EXERCISE OBJECTIVE
Only the stretch below from the line holding "Moby Dick, 2013, China, Werbung" through the line holding "BBQ Tailgating Food Checklist | BBQanswers" should be restated, word for word and with both ends included; pictures stay out.

MATERIAL FOR THIS EXERCISE
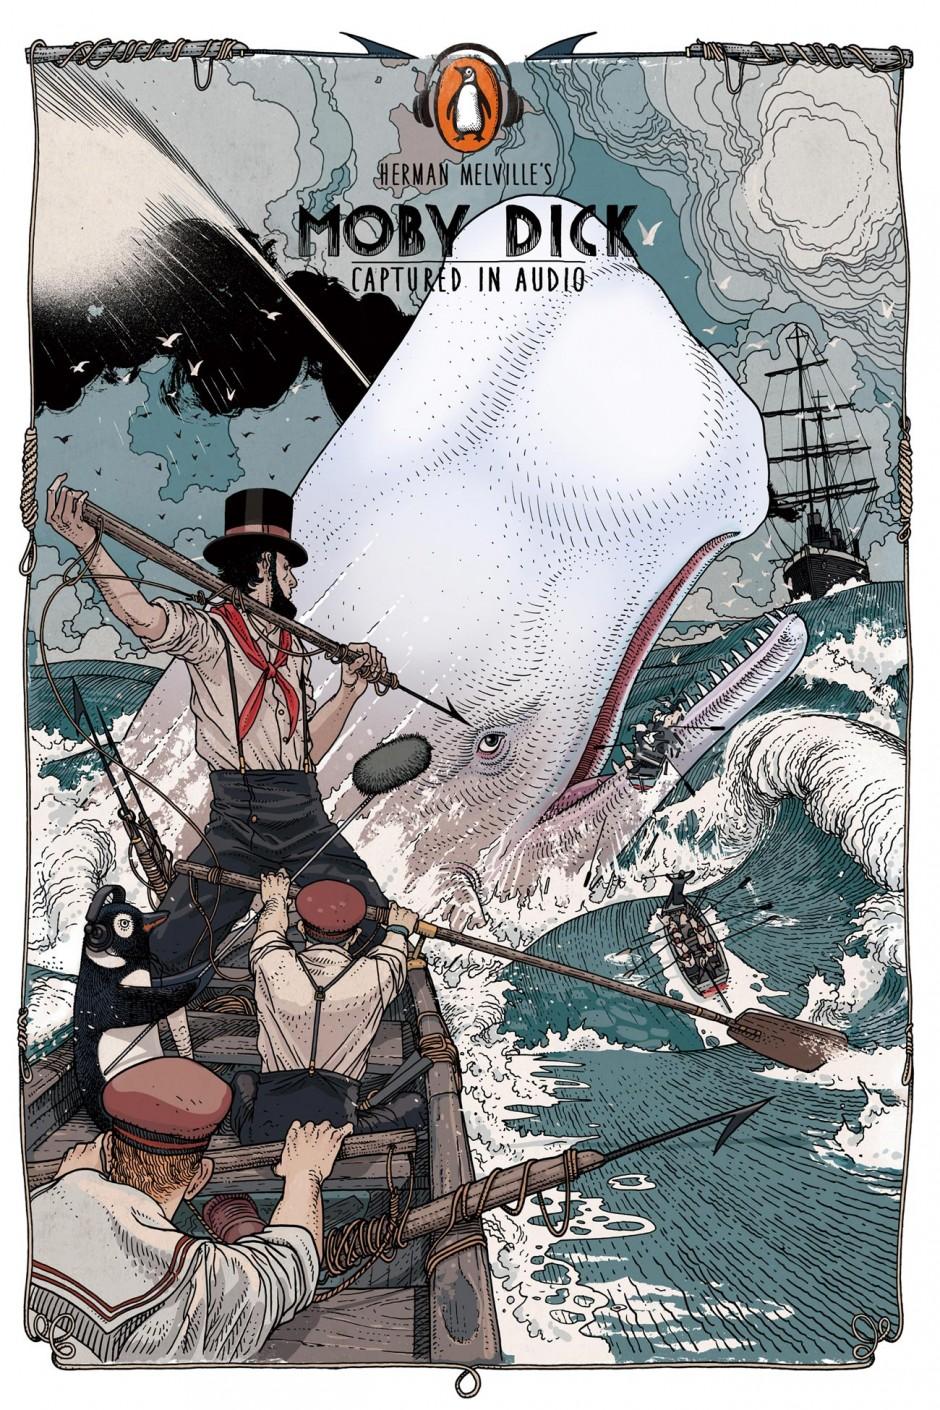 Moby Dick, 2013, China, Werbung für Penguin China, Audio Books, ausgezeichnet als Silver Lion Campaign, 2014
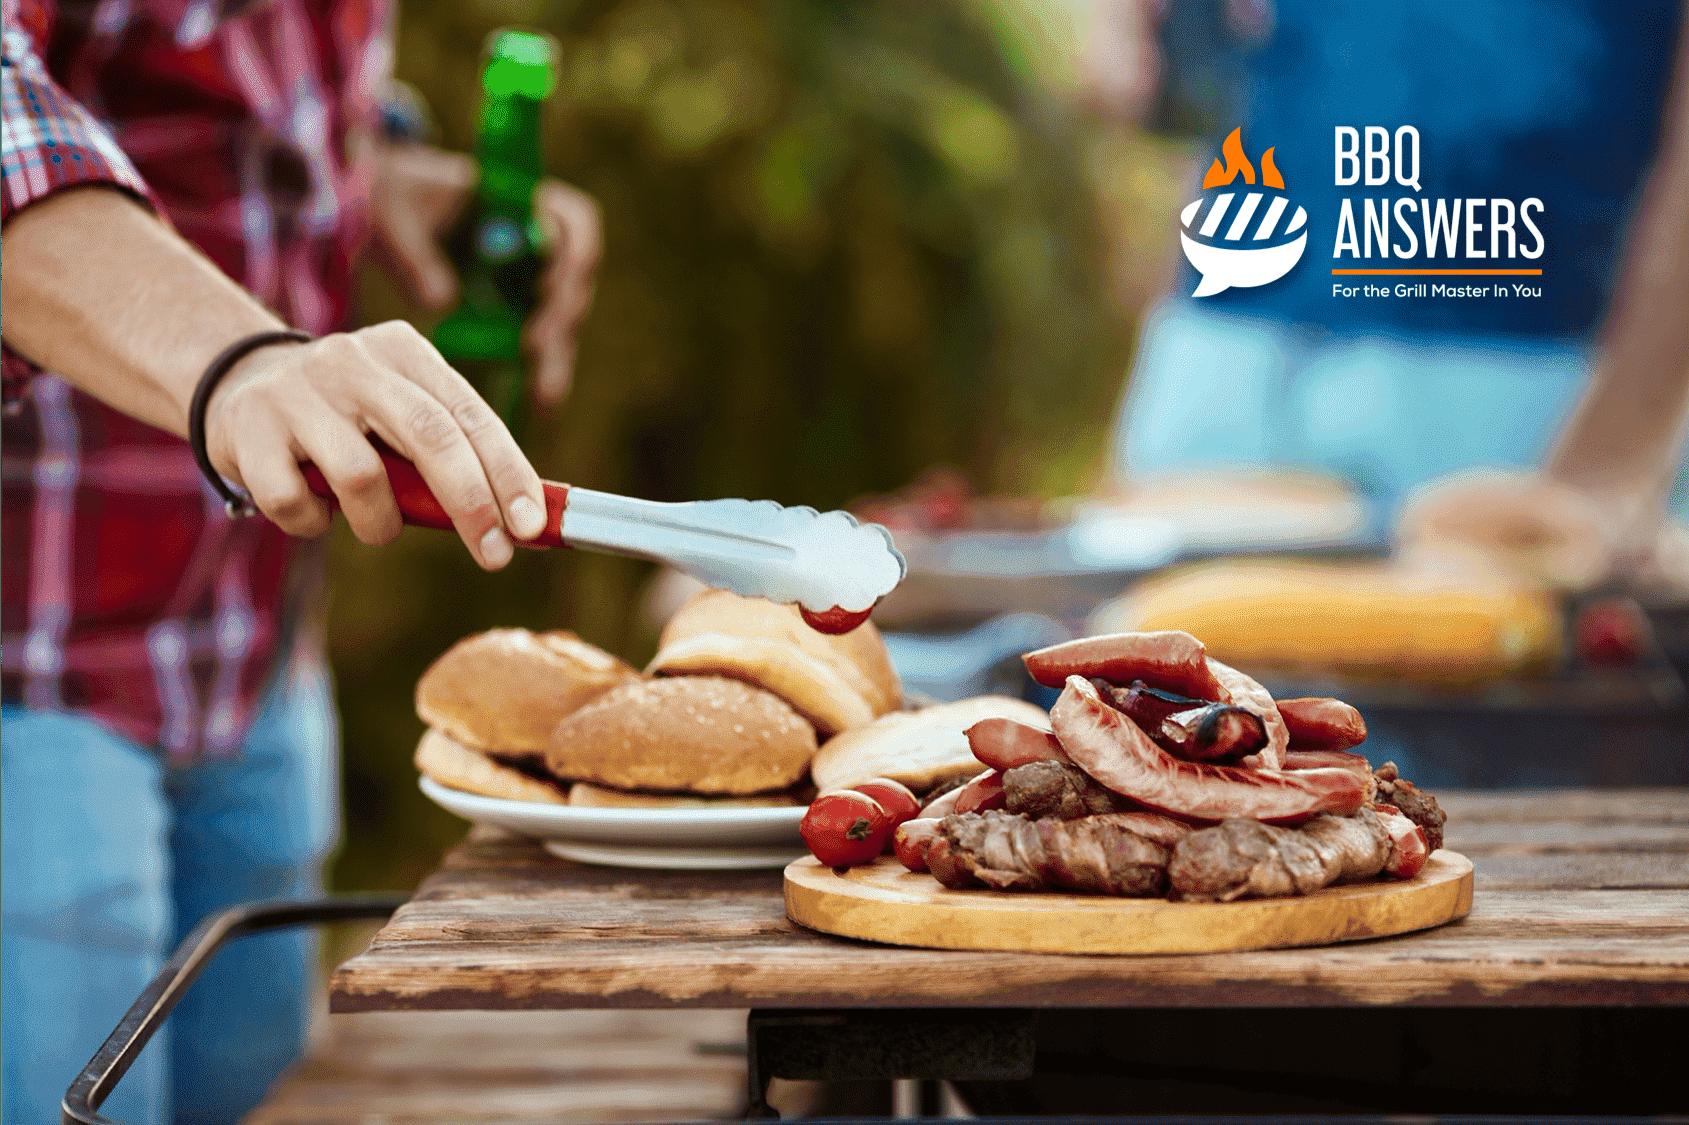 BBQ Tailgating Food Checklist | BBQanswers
---
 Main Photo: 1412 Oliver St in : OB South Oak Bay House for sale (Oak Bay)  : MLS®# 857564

FINAL ANSWER
 Moby Dick, 2013, China, Werbung für Penguin China, Audio Books, ausgezeichnet als Silver Lion Campaign, 2014
 BBQ Tailgating Food Checklist | BBQanswers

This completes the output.